Не словишь того, что не суждено. Кому повешенным быть – не утонет. Потому, не озираясь, шёл. По правую руку мерно звенела стремнина. По левую – комары. Ночь накатывалась на затылок. Было не страшно. Грустно – да, слезой пробивало – да. Но не так, чтобы печально совсем.

А когда лодку нашёл, то рядом с ней улёгся и снова уснул. И не буду про сон тот писать, у реки который.



Утро выдернуло из лета, качнув лодку от пыхнувшего горячим лося – тот тяжело шлёпнул брюхом, переплывая речку -  волна пошла. Лодка была вполовину в воде. Если б не зверь – утонул и не заметил. Вычерпывая воду снятым ботинком поглядывал, как над сизой туманной дымкой летят птицы. Много их было  – не сосчитать. Тёмные треугольники. Словно души.

И вот тогда подумалось, что больше-то ведь нет никого – ни любимых, ни поводырей. Сам себе святой, льстец, бог, игрок, сатана.

Перемешал в кучу мысли, вытащил из сумки второй шкалик, да и задвинул – пропади оно всё пропадом – дальше плывём. Речка, насколько кинь взгляд, была свободна от сплава, плотин бобровых, кувшиночных полян. Плыви, думай, живи. На засмоленный чёрный нос плоскодонки уселась синяя стрекоза. Вычерпав последний сапог, я закинул руки за голову.

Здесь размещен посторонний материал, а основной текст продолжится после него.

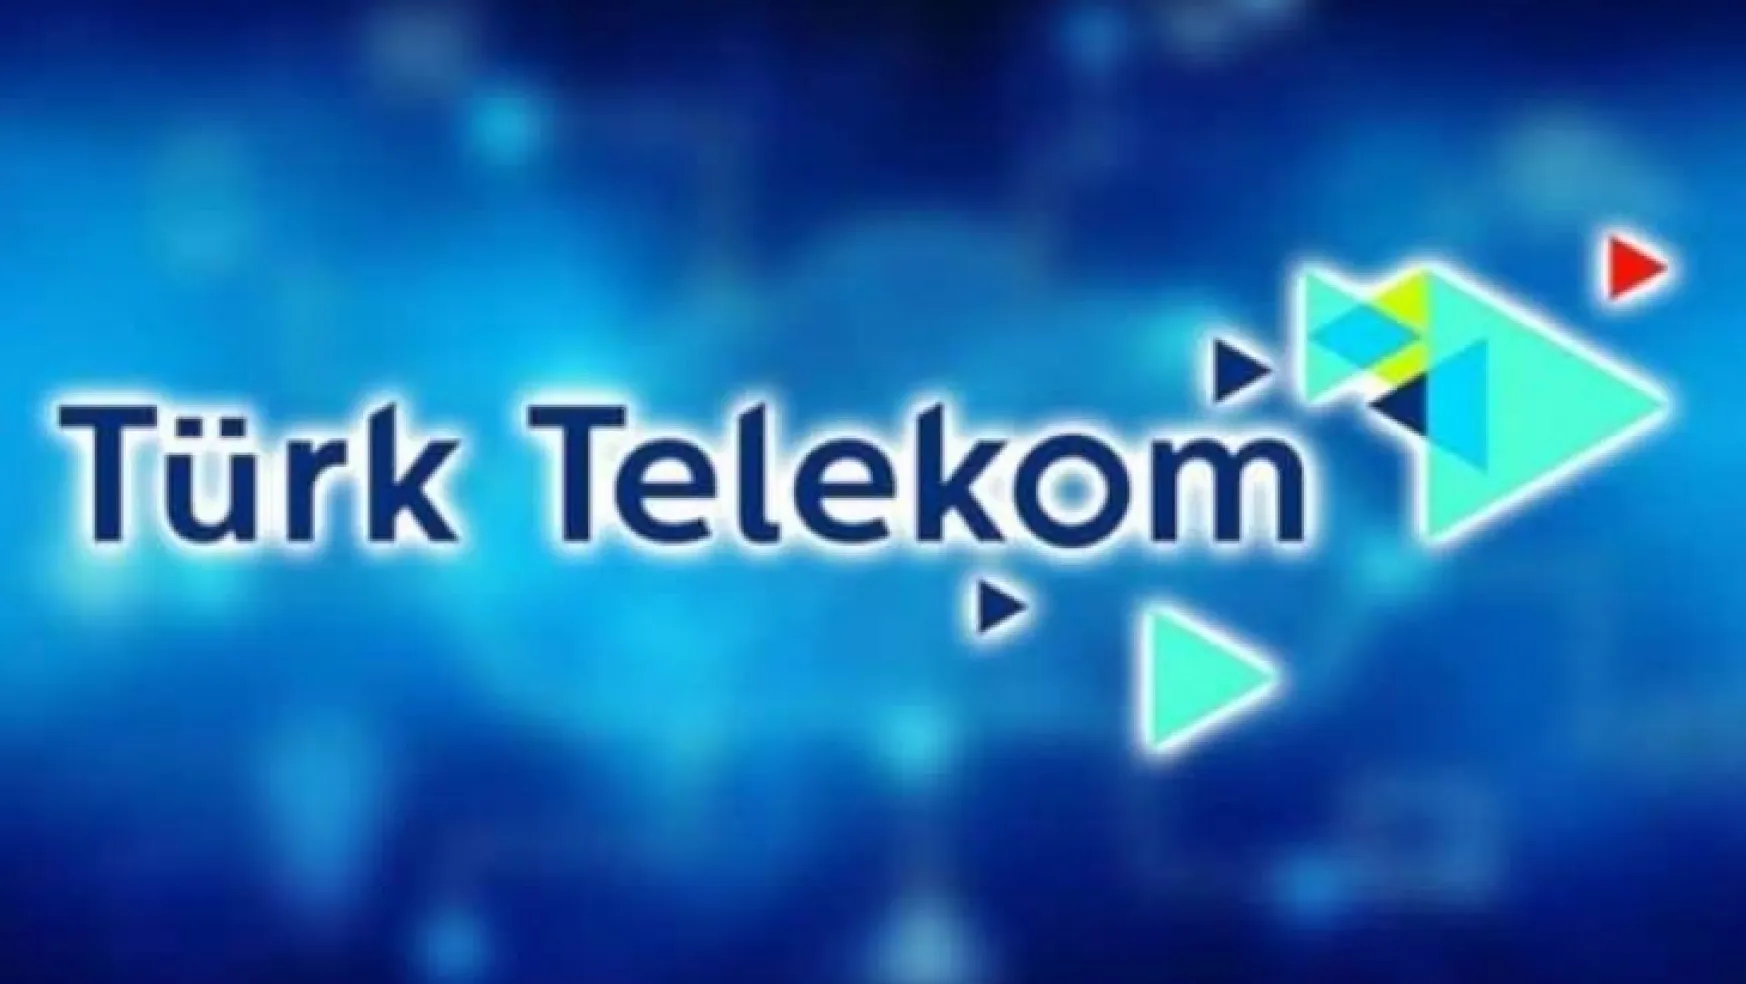 Türk Telekom'dan 'Hoş Geldin' tarifeleri
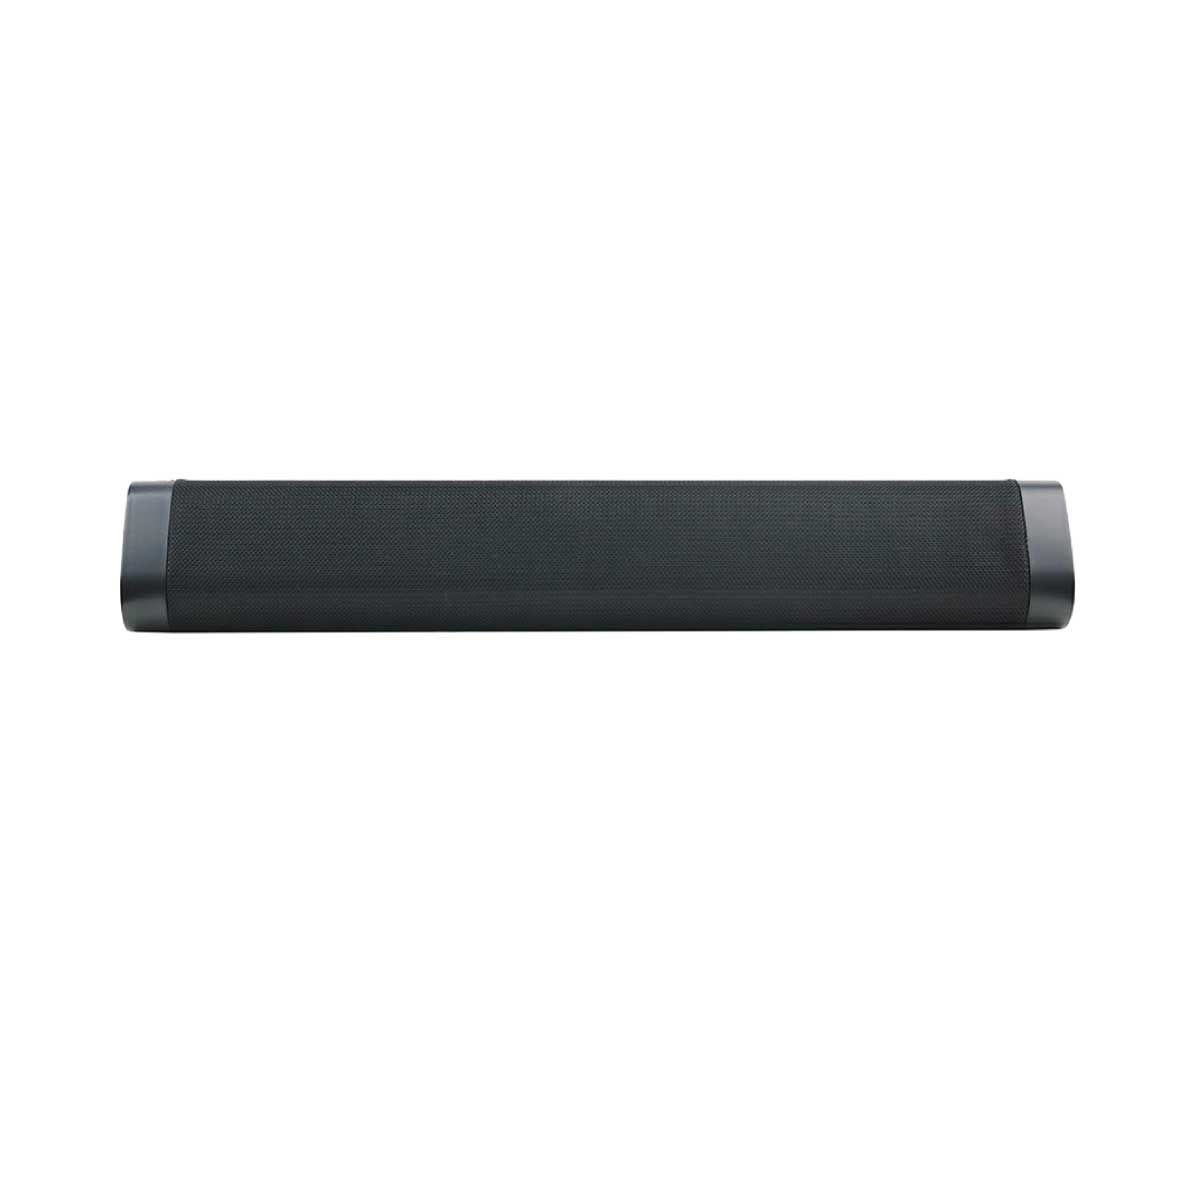 SPEAKER ลำโพงบลูทูธ Wireless Bluetooth 5.0 รุ่น A500 ลำโพงบูลทธูไร้สาย สีดำ

Под днищем мягко катилась вниз травяная дребедень. 
Горело подо мной солнце, и чёрные пятна птиц летели над.
- Шиворот-навыворот, - подумал я.
И снова уснул.



Мы пили пиво у разъезда. Редко шли поезда, но когда гружёный щебнем состав, тяжело дыша, проходил мимо, бетонные опоры моста дрожали, и с ласточьих гнёзд осыпались безумные птенчики и говно их родителей.



Пили брагу в лесу за станцией. Над дрожащими в дыме костра верхушками сосен плыли алюминиевые облака. Вика, по-моему, её всё-таки звали Вика, недолго бежала в лес. Было холодно от росы, немного страшно, но весело. Потом горела сторожка, и мы допивали брагу, а в пляшущих призраках дымного искропада суетились наши мечты. Там и сгорели. Превратились в пепел, который смял утренний дождь.
И до сих пор дрожь пробирает, когда вспоминаю лица друзей, ушедших ныне так далеко, что догнать их довольно сложно. Хотя стараться никто не запрещает.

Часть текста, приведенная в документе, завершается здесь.